View Single Post
Old 01-16-2013, 07:27 PM   #128
Drake
assmaster
 
Join Date: Feb 2001
Location: Bloomington, IN
Quote:
Originally Posted by Ben E Lou View Post
More accurately, we're not willing to start locking people up on such a hunch.

Some of you may recall that years ago I posted on here about a former YL kid who had committed suicide. At the time I posted, it seemed "too early" to talk negatively about him or say my real feelings on the subject. But the truth of the matter is that the kid was very obviously very mentally ill. (And yes, his parents tried numerous ways to get help but weren't willing to have him involuntarily committed.) To be perfectly honest, my first internal response when I heard the news was: "I'm surprised that he didn't take anyone else with him." I'm not an expert, but well before the suicide, there was absolutely no question in my mind that the right and moral thing to do, both for his own safety and for the good of society, was to lock that guy up somewhere safe until he could be cured.

My wife is a mental health RN working at a transitional care facility for the seriously mentally ill -- sort of a holding area for people who are bouncing back and forth between the state hospital and managed care housing. She has the interesting perspective that she's also a med-compliant bipolar patient (manic-depressive for those of you in your 60's and 70's.)

She tells me that the biggest problem with the mental health system from the perspective of her clients is that unless the legal system gets involved, they can't compel the seriously mentally ill to be med compliant...and the legal system really doesn't want to be involved. She's more than ready for the pendulum to swing back the other direction where medical personnel can force some categories of patients into chemical restraint for the long term.

In her words, some people are beyond help, and the only way they eventually get "help" (where we define "help" as removing them from society) is to hurt other people to the point that the legal system is forced to take notice. Since I don't work in the field, it's hard for me to tell how serious she is, and how much is just frustration from working with a difficult clientele, but it seems to me that part of the issue was a national decision that was made several years ago to eliminate a great many of the psychiatric state hospitals and start pushing some of the seriously mentally ill back into their communities to integrate with the population. The resources to monitor them simply are not there, and it puts the onus on the sick individual and their family to make things happen.

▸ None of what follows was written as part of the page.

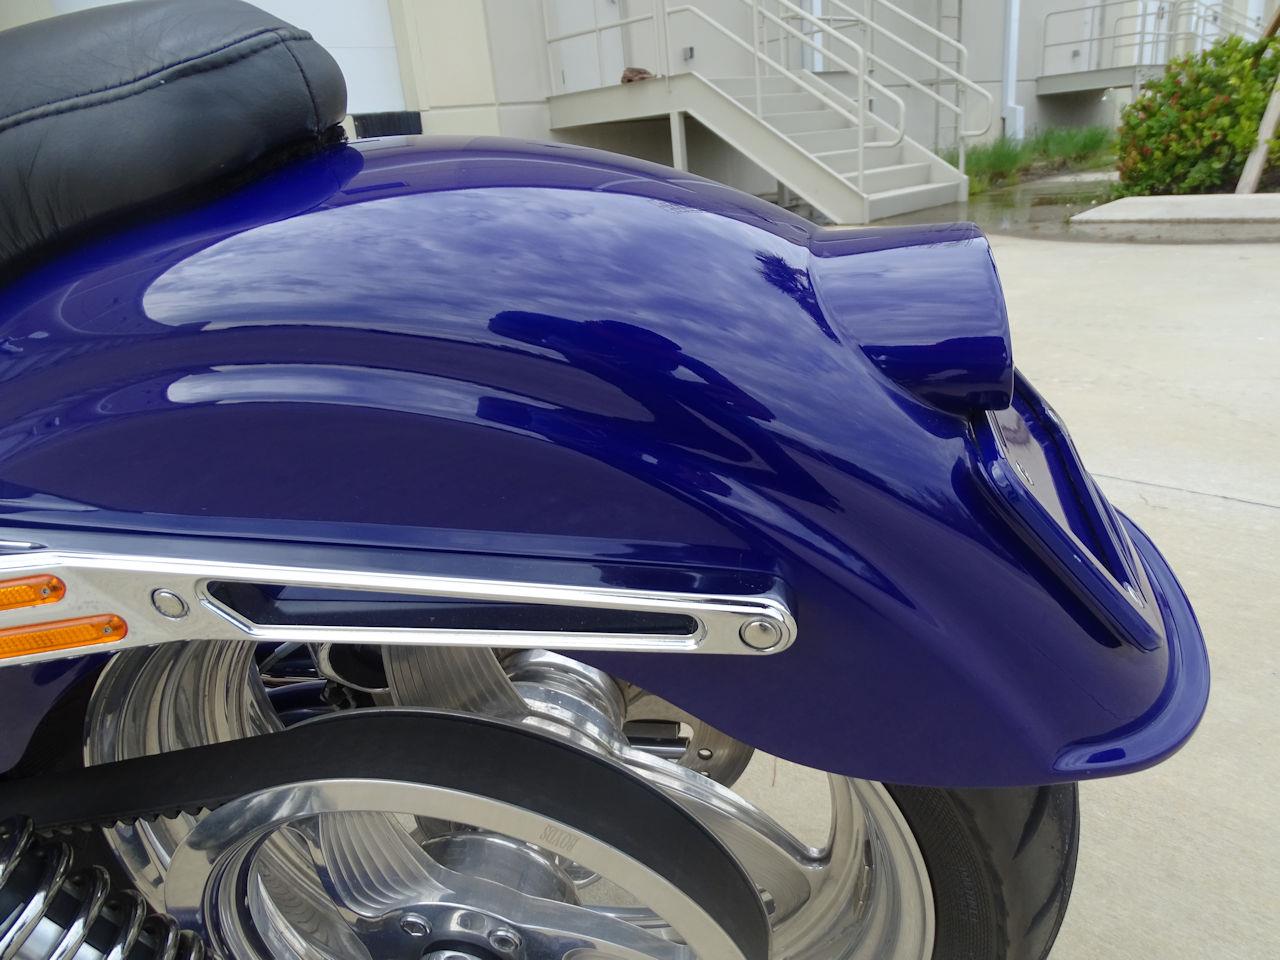 2002 Custom Motorcycle for sale in O'Fallon, IL – photo 20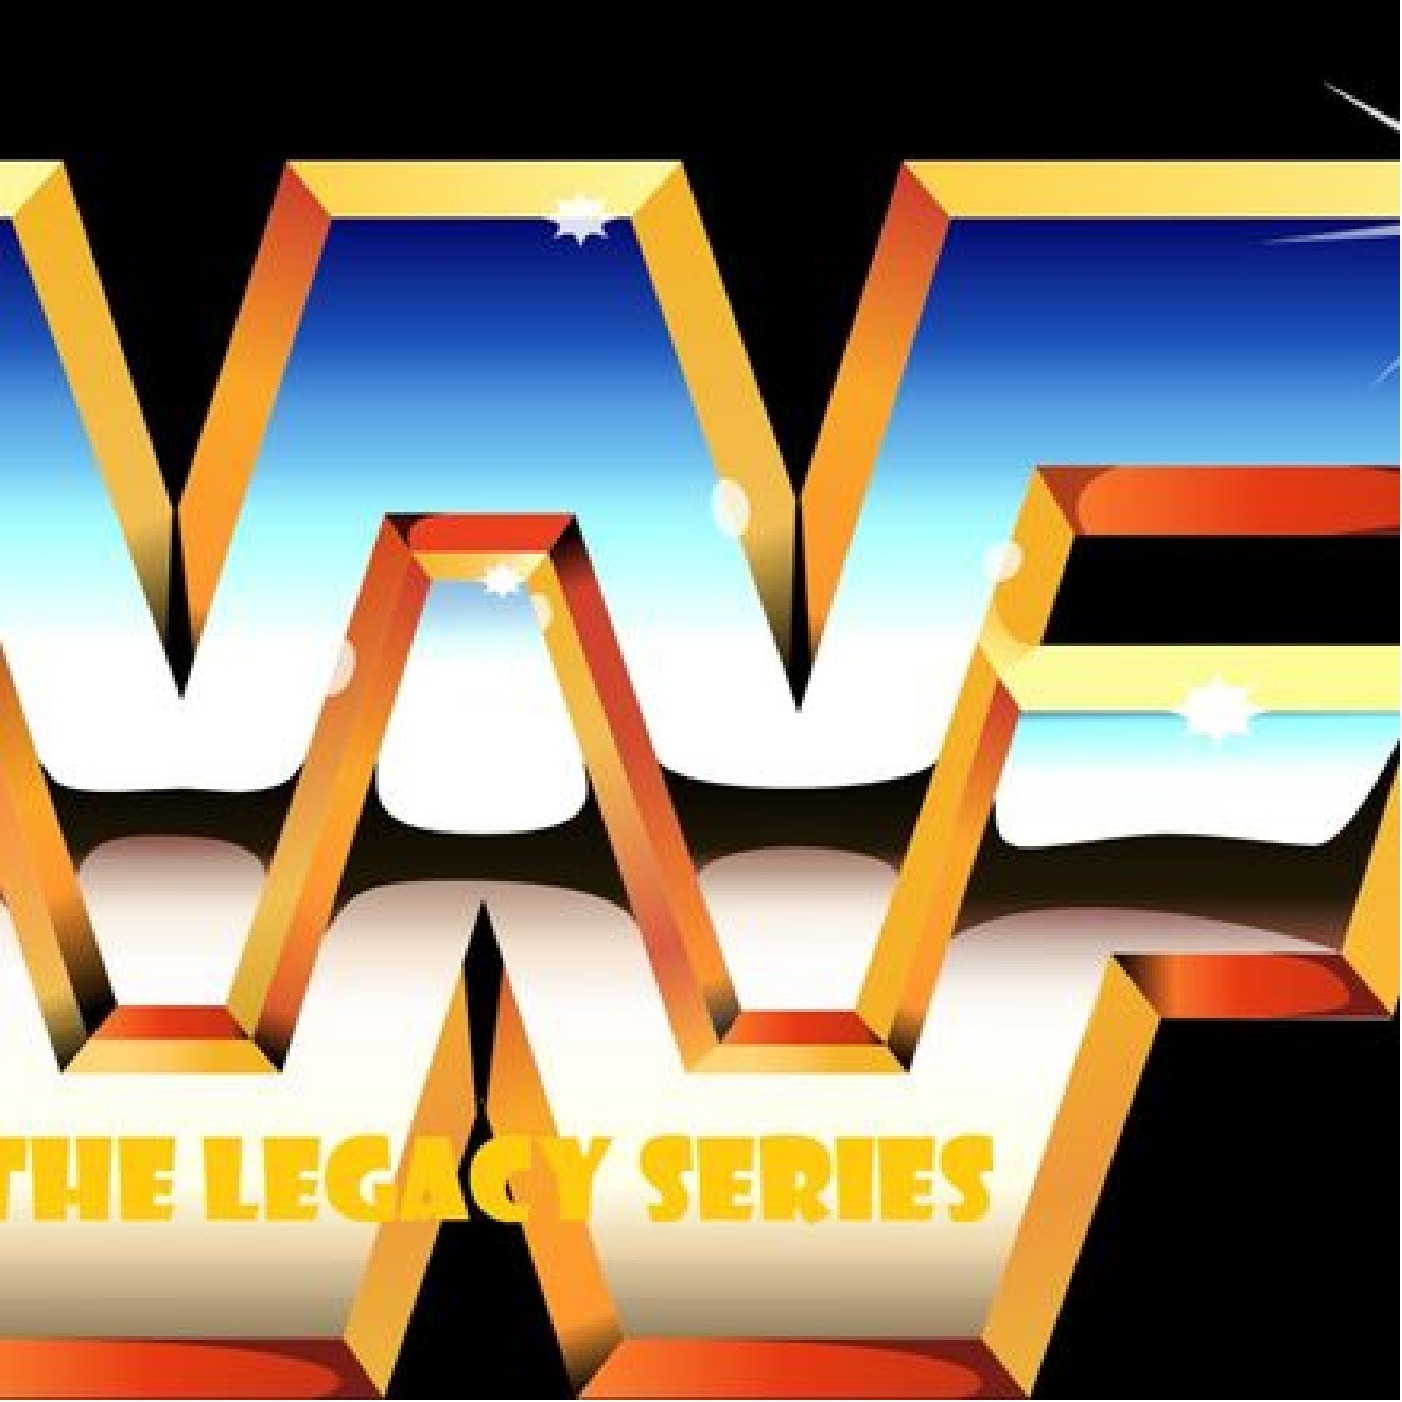 WWF: The Legacy Series - The Snake, The Deadman, and the Summer of ’91

I don't know about you, but I've been around enough mentally ill folks over the years that with most of them, I completely lost interest in helping them and started saying, "You know what? I don't really care what you do -- you're just not welcome to do it in my vicinity anymore." And I don't think I'm alone. I tend to believe that more and more people are more or less abandoning their mentally ill relatives to their own devices because they're *tired*, and getting them the help they need on a regular basis is a full time job.

Hell, if my wife decided to go off the deep end again and chose to be non-compliant with her treatment, our contact would last just about long enough for me to pack up my shit and the kids before heading for the hills. I've been through it too many times, and it's just exhausting.